她极力想劝说萧天霖,“雪儿过两天就出院回家了,家里人多,雪儿和孩子都没办法休息,你说怎么办?天霖,我知道你重情重义,但还是应该保持理智。我的意见,你娘和岳母住客房,其他人,安排住酒店。”
娘和岳母住在家里,能照顾雪儿和孩子。萧天霖不傻,自然懂得安婕的意图。
他十分不快,“这些人都是我的家人,他们来看雪儿和孩子,让他们住酒店,也太没有人情味了。”
安婕已经失去了耐心,“我大哥来这里也住酒店,并没有觉得有什么不妥。我很奇怪,你家人为什么一定要住在家里,而不能住酒店。”

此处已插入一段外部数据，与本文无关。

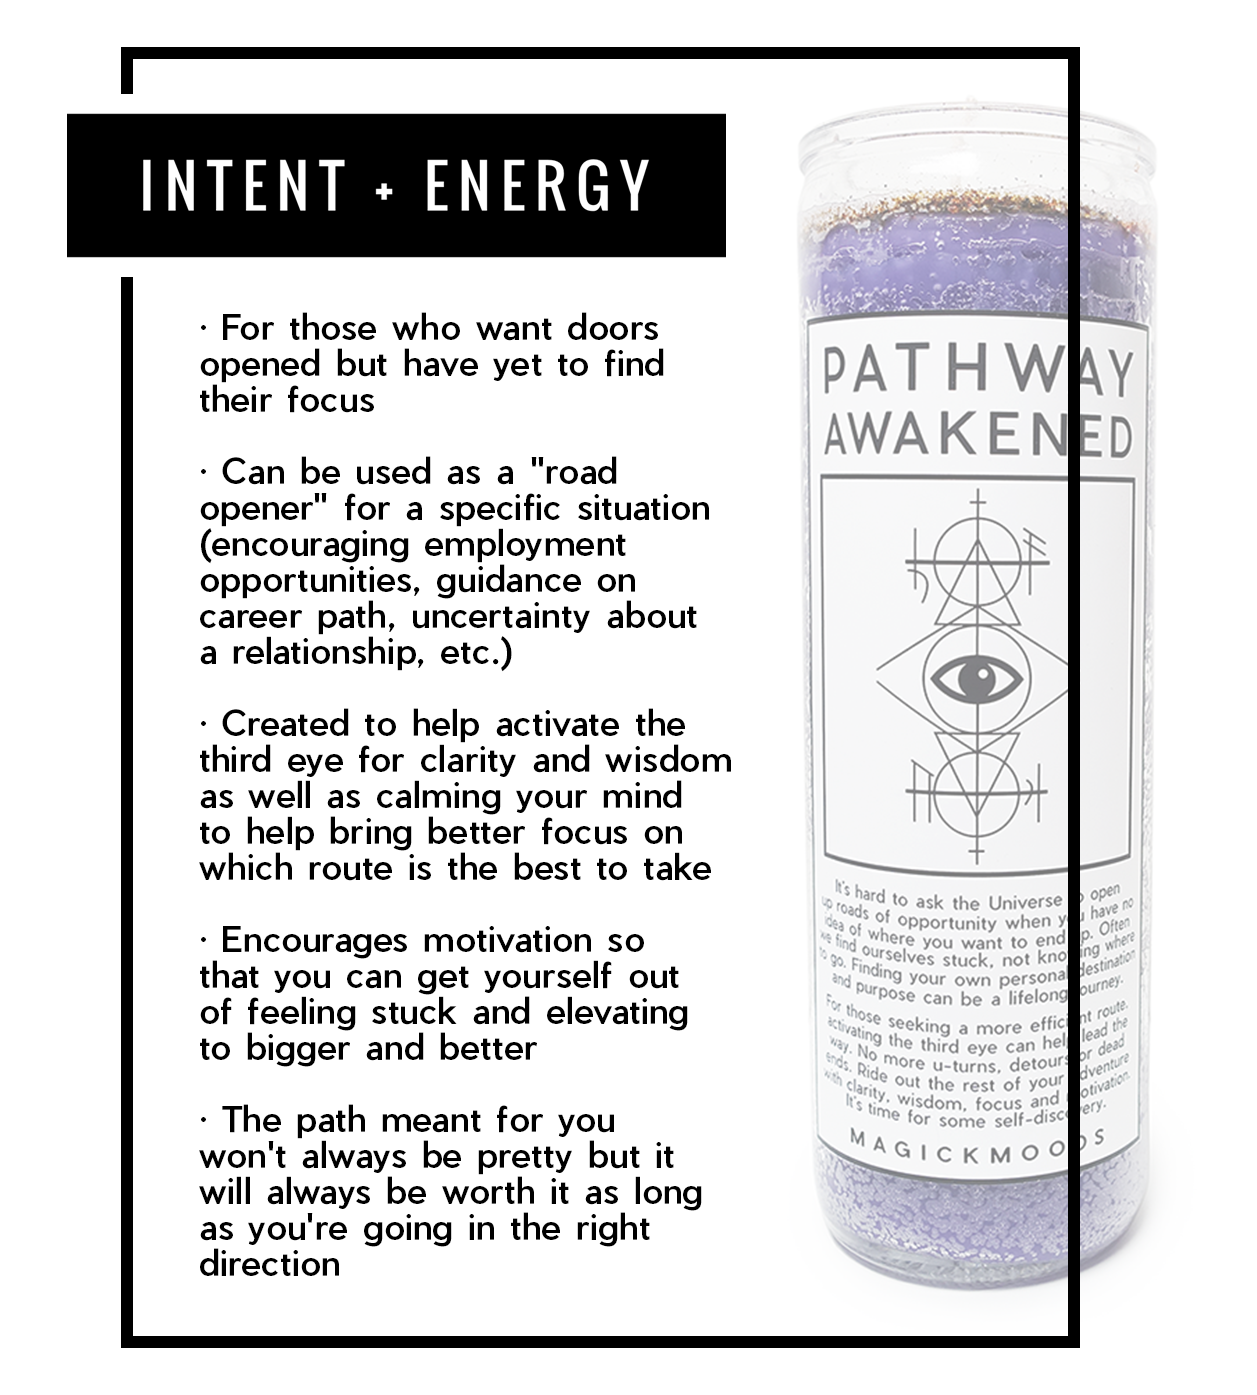 Pathway Awakened 7-Day Meditation Candle - PREORDER - Ships by 04/28

萧天霖有些泄气,他知道安婕说的话有道理,他只是在感情上不能接受。
他想了想才说,“也许,这就是文化差异吧。”
这个解释放之四海而皆准,没办法,安婕也只能接受这个理由。
她用仅存的最后一点耐心说,“既然你坚持,那就按你说的做吧。”
萧天霖长舒了一口气,“谢谢妈!”
安婕只觉心里憋屈得难受,但还是没忘记补一句,“一家人,不必客气。”
但她不想回病房,那个地方太混乱了,她受不了。
不光是安婕受不了,连一向思虑周全的楚啸天都没预料到,这次探亲会如此糟糕。
坐了大半天车,所有人都疲惫不堪。来到医院,这么多人挤在一间不足十平米的病房里,连坐的地方都没有,带来的东西杂乱地放在地上,简直是一片狼藉。
屋内空气浑浊,所有人都感到十分燥热。
双胞胎不停地哭闹,李淑珍和叶清秋一人抱一个,什么办法都用遍了,就是哄不住。
护士来看了说,“病房里的空气双胞胎太糟糕了,婴儿不舒服,只能以哭声抗议。”
珍儿原本在娘怀里睡着了,一哭,便被吵醒了。
她睁开眼睛,见是一个陌生的地方,身上又热得难受,便咧开嘴哭起来。
柳叶儿解开衣襟喂奶,试图让女儿安静下来。但她的努力失败了,珍儿不肯吃奶,还越哭越厉害。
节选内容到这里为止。